SMU Data Science Review


Millions of people live with diabetes worldwide [7]. To mitigate some of the many symptoms associated with diabetes, an estimated 350,000 people in the United States rely on insulin pumps [17]. For many of these people, how effectively their insulin pump performs is the difference between sleeping through the night and a life threatening emergency treatment at a hospital.

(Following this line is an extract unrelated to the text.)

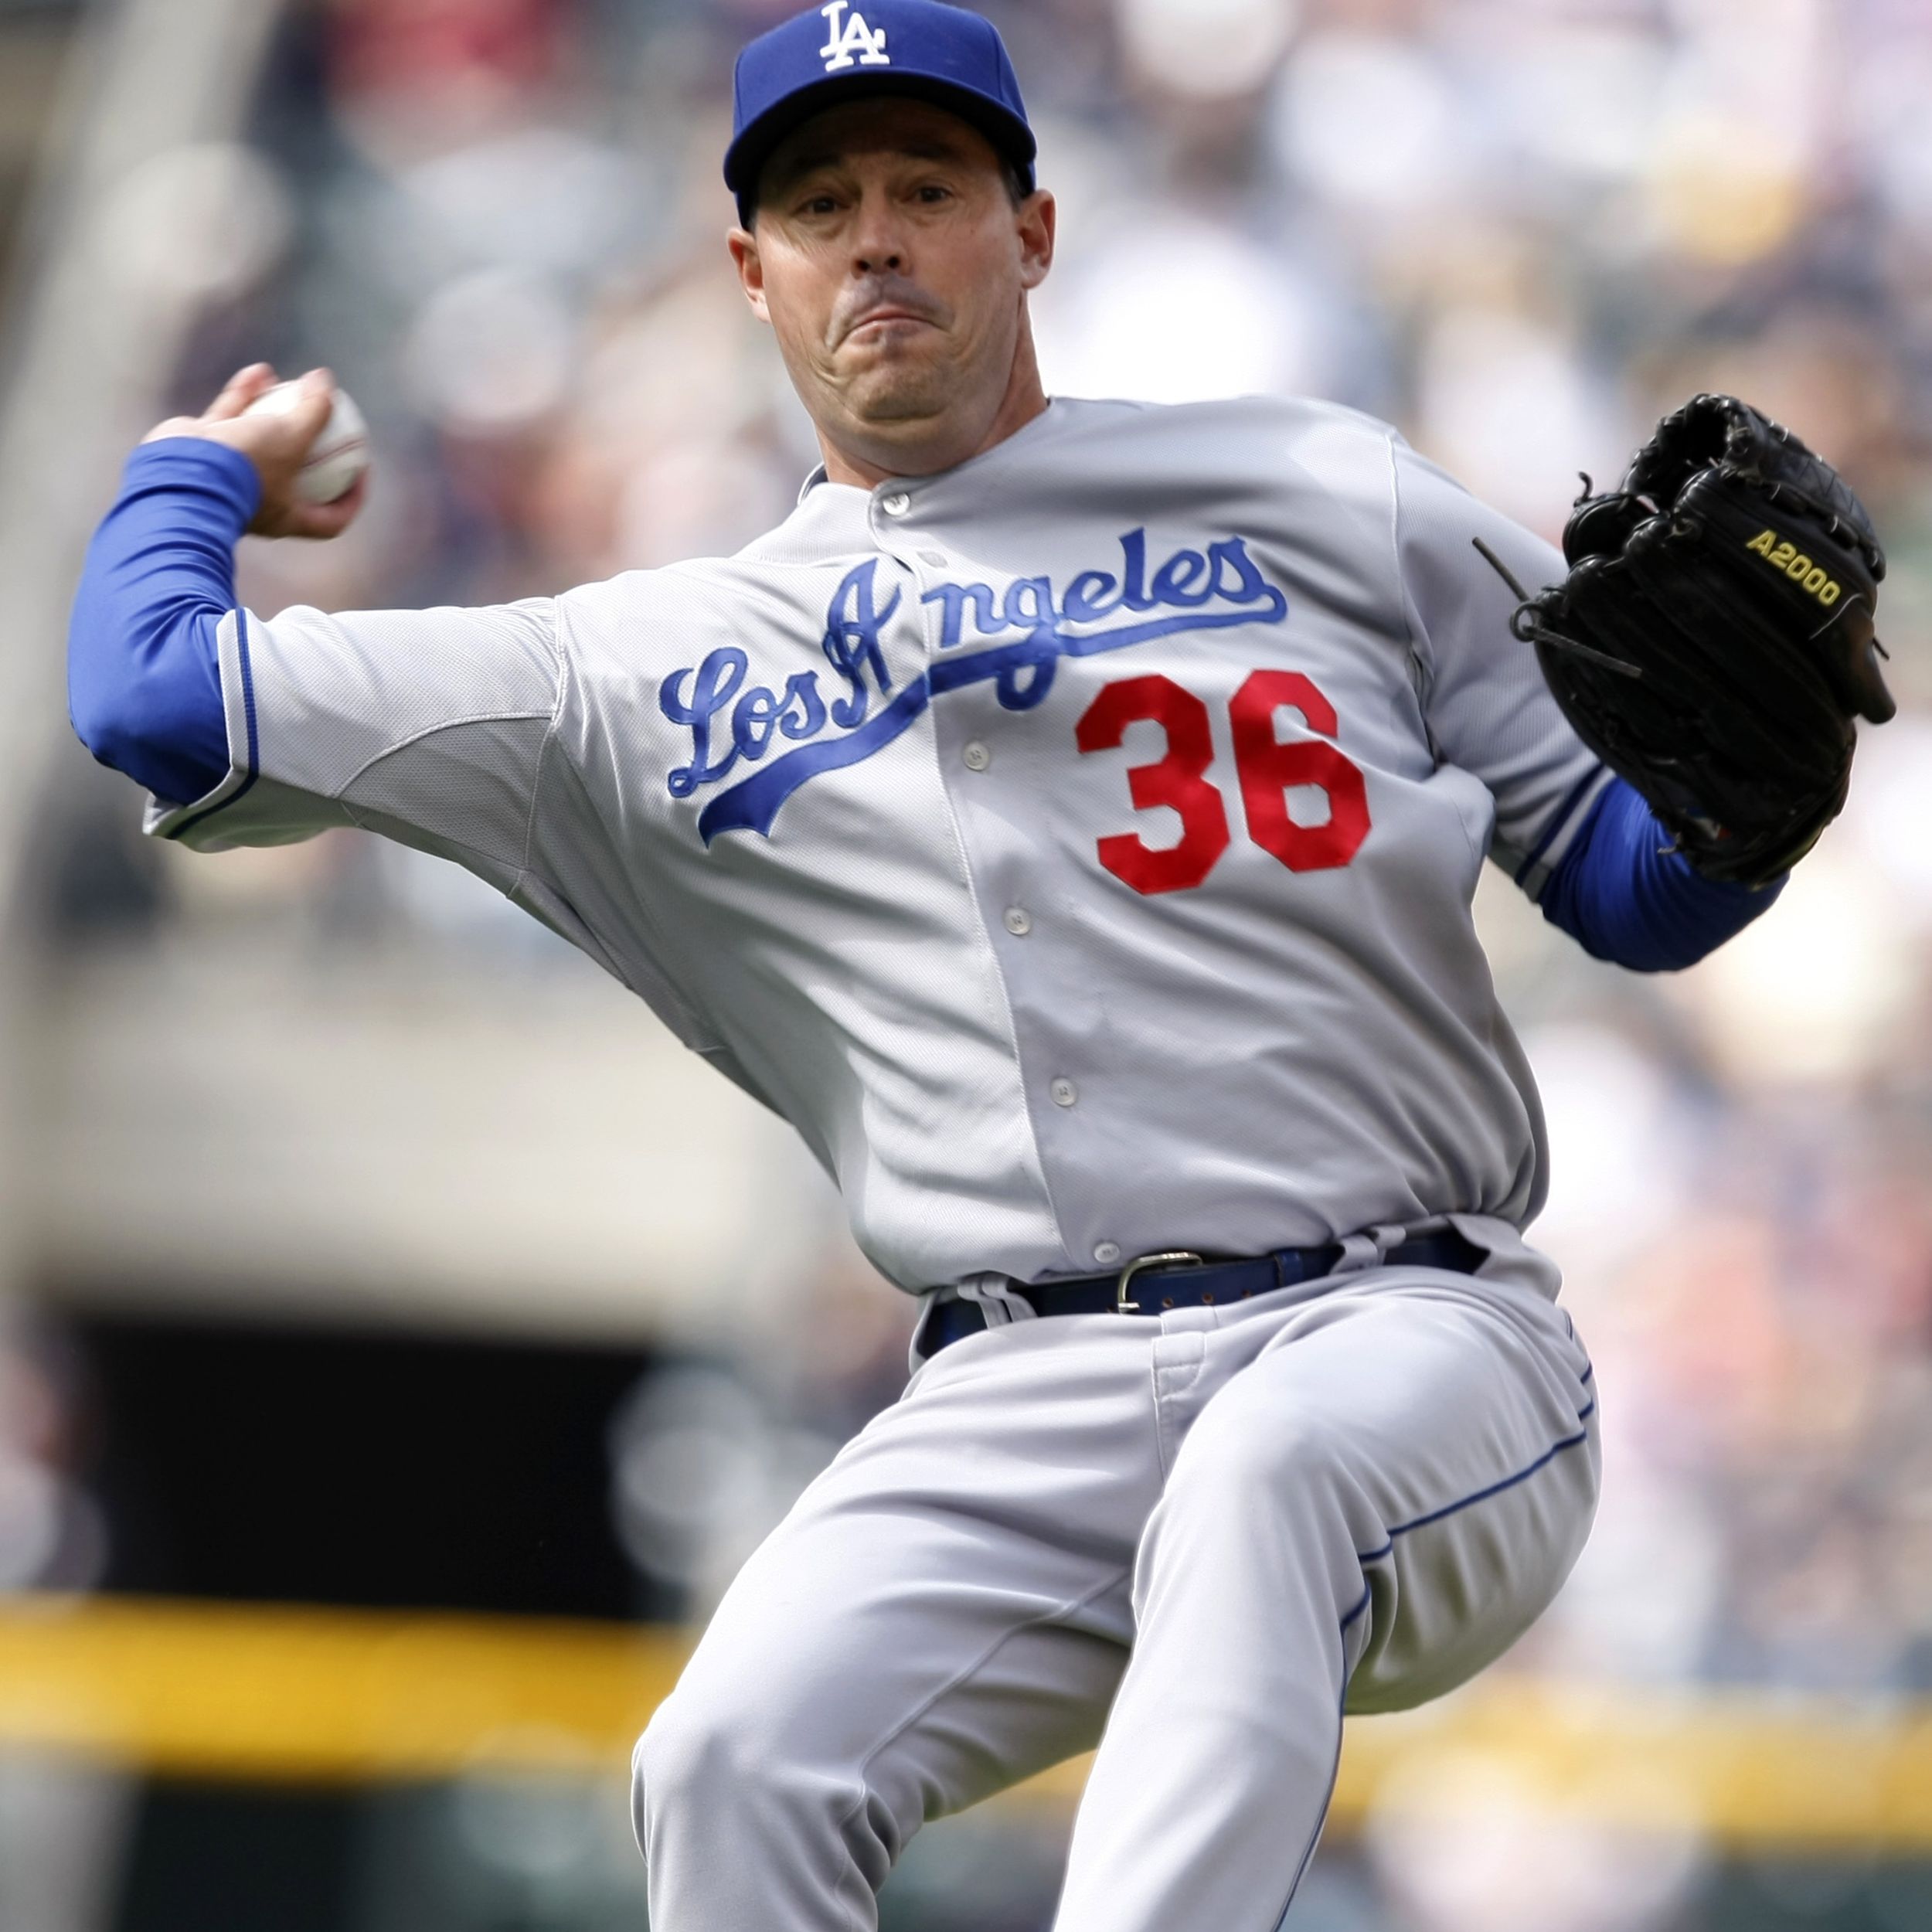 Greg Maddux 'looking forward' to A's move to Las Vegas

Three programmed insulin pump therapy settings governing effective insulin pump function are: Basal Rate (BR), Insulin Sensitivity Factor (ISF), and Carbohydrate Ratio (ICR). For many people using insulin pumps, these therapy settings are often not correct, given their physiological needs. While existing reinforcement learning models can predict actual physiological values for these settings, they require iteration and can be slow.

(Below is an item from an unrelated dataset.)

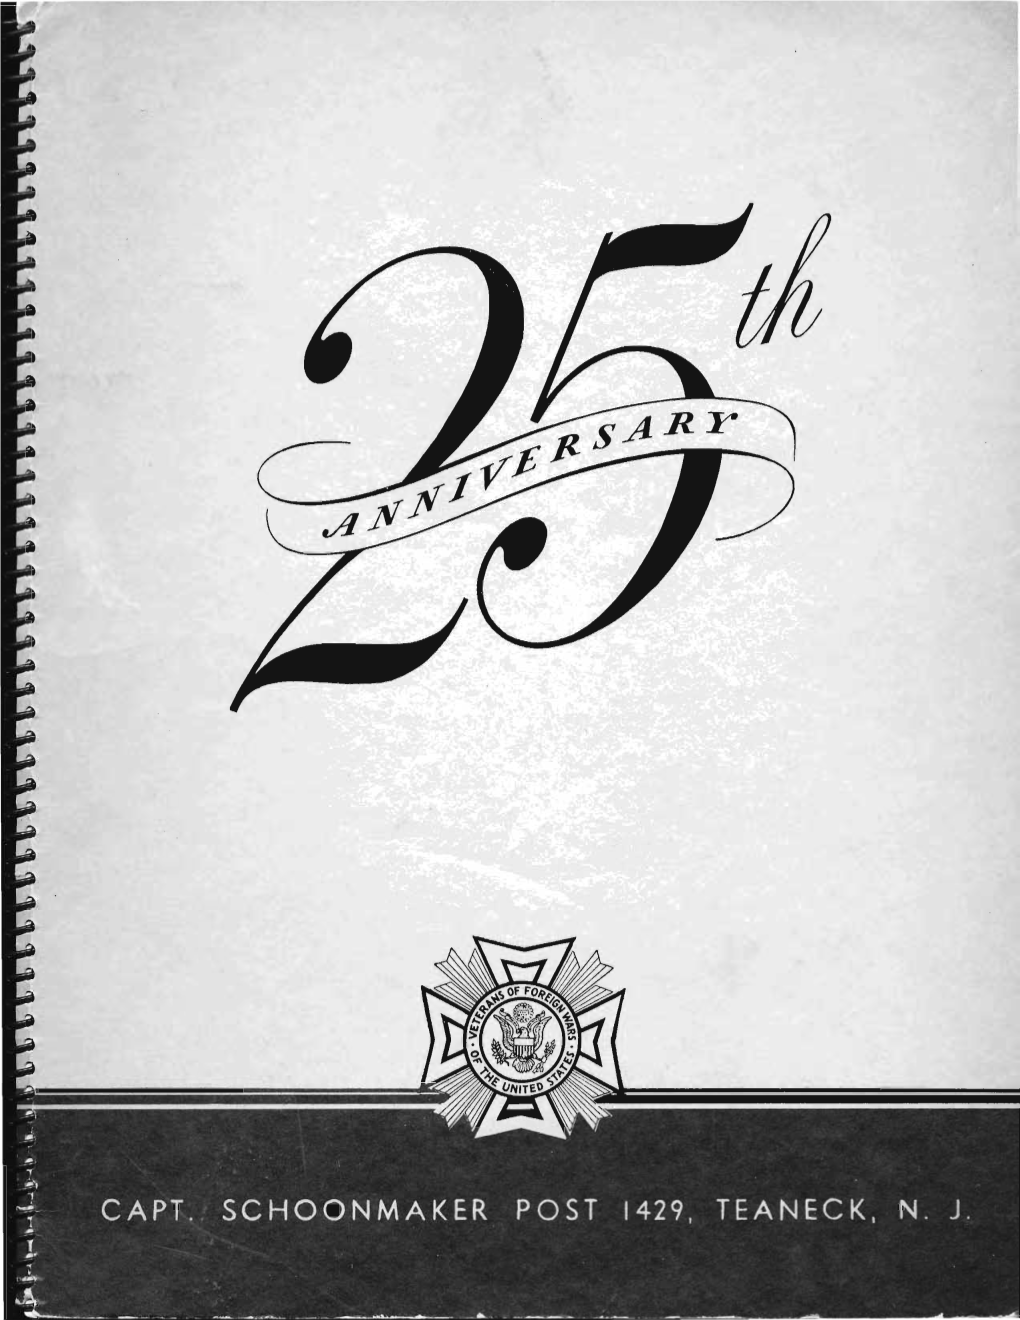 25Th Anniversary Year Book of Captain Stephen

The primary contribution of this research is to present a pipeline capable of providing instant predictions of close to actual patient physiological ISF, ICR, and BR from 30 days worth of data. In theory, this reduces patient waiting periods from roughly 6-8 weeks for existing reinforcement learning models to 30 days. This can serve as an aide in recommending pump therapy settings.

Data used in this study include 1,000 simulated multivariate insulin pump time series. These time series were generated by a proprietary simulator developed by Tandem Diabetes Care. This multivariate time series data also integrates simulated continuous glucose monitor (CGM) data.

This research proposes a pipeline for predicting actual patient BR, ISF, and ICR. Feature engineering, a component of this pipeline, included contextual consensus time series motif analysis. Models in the pipeline include time series native techniques such as Deep Convolutional Neural Networks (DNN) with a Long Short Term Memory input layers (LSTM) and aggregation based models such as Ridge regression and Lasso.

Aggregation based ridge regression showed the most promising results, outperforming a naive model and a DNN model. For the data evaluated and with a 20% holdout test set, aggregate based ridge regression predicted the following normalized patient pump settings: ISF with a Mean Absolute Error of roughly 9.0%, ICR with a Mean Absolute Error of roughly 5% and BR with a Mean Absolute Error of roughly 6%. This is likely due to the reduction that aggregation based methods perform on each patient time series, reducing each one into a single tuple. This makes aggregation based methods less susceptible to noise and sparse signals.

One limitation in this study is that the simulated data assumes a constant value of ISF, ICR, and BR over 24 hour periods for people with diabetes. In practice, this is not the case; ISF, ICR and BR fluctuate throughout the course of a day. A future consideration would be to use simulated data with non constant 24-hour ISF, ICR, and BR profiles.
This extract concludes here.